"Lou gathered 15 to 20 experts, all strong-minded (some might say opinionated) lawyers, in the same room for many lengthy meetings on a series of complicated subjects and difficult issues, and yet maintained leadership, sustained a remarkable camaraderie, and in the end obtained a result in which all joined."
- February 1998 "In Remembrance of Louis Loss," Insights – Richard B. Smith
During the 1970s, securities law experts in academia, Congress and the SEC sought to create a coordinated theory of market regulation that would expand, but not supplant the long-held SEC principle of full and open disclosure. The attempt to create federal minimum standards for state corporation laws was taken on in the 1960s and 1970s by the American Law Institute, with its proposal for a Federal Securities Code.
Louis Loss, noted securities expert whom some describe as the intellectual father of modern securities law, became the principle drafter of the code.(66) Before his appointment, Loss had experienced a long SEC career, serving as staff attorney (1937-1944), Chief Counsel of the Division of Trading and Exchanges (1944-1948), and as Associate General Counsel (1948-1952).
The goals of the project were to codify the mass of securities law that had developed since 1900, to impose an order and coherence on the law, consistent with Loss's idealized vision that would establish securities law as a clear legal field with understandable, reasonable and responsible rules promoting predictable results for the capital marketplace.(67)
Part of the problem with the codification of federal securities law was that the process of codification was in some sense inconsistent with the extraordinarily rapid and monumental changes that were occurring in the structure of the securities marketplace since the 1930s.
The regulatory strategy of the SEC, taken from the legislation that created the agency and gave it authority, seemed increasingly out of touch with those changes, especially a growing body of economic theory, including an economic theory calling for an analysis of the cost versus benefit of particular securities regulation, that called into question the very desirability of government intervention.(68)

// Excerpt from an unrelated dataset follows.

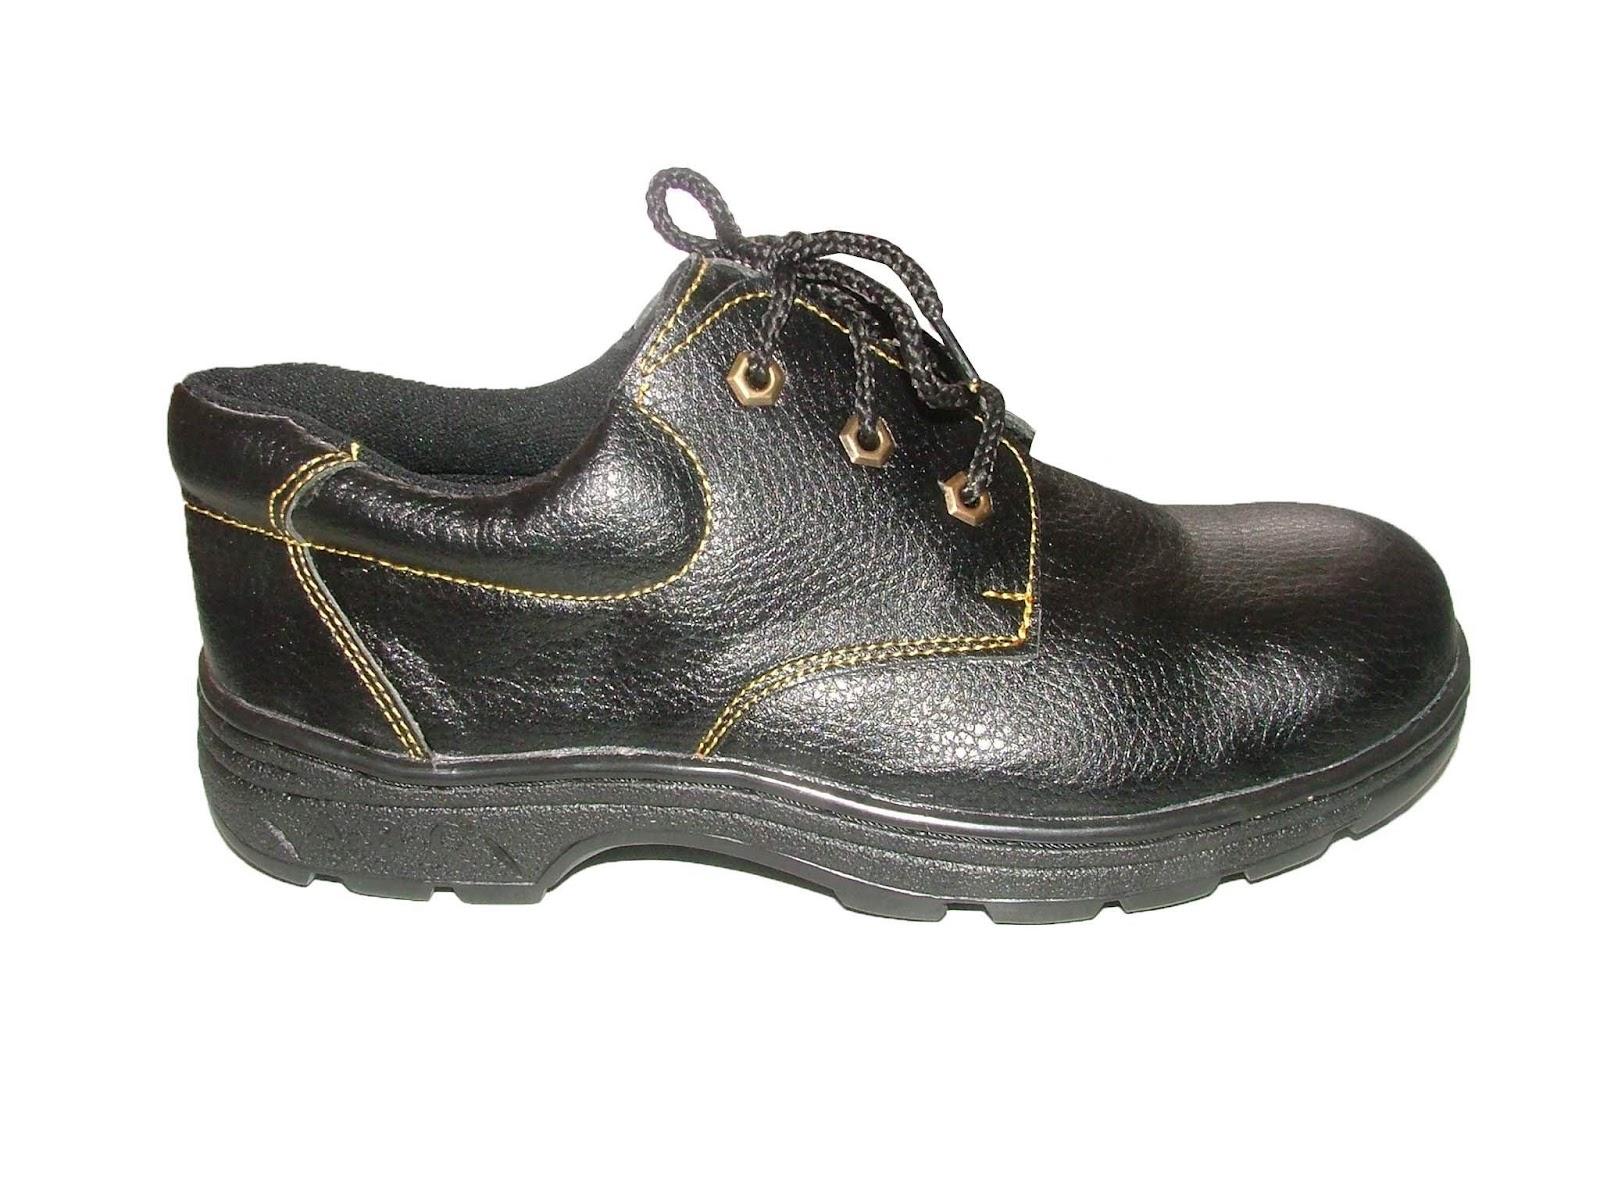 Những lý do bắt buộc bạn phải sử dụng giày bảo hộ lao động

An example of this can be seen in the area of insider trading regulation, and the complicated and conflicted story of how, during the 1970s, the SEC and the courts fought over the rationale and legality of that regulation. Once again, as with the issue of corporate governance, resistance to a proposal for a federal code of conduct came from critics who relied on new economic theories as well as principles of federalism which suggested that state law could more properly establish rules for corporate board behavior and inside trader conduct.
The American Law Institute Project's contribution to the field of securities law cannot be underestimated. Inside the SEC, battles over the nature and authority of government regulation to promote marketplace competition and protect investor safety joined in the 1980s with a cost/benefit analysis of the value of government regulation.
Although the Federal Securities Code was not adopted, the importance of stating current law and doctrine with the goal of increasing understanding would permit a new generation of securities lawyers inside and outside the SEC to address the proper role of regulation of the marketplace.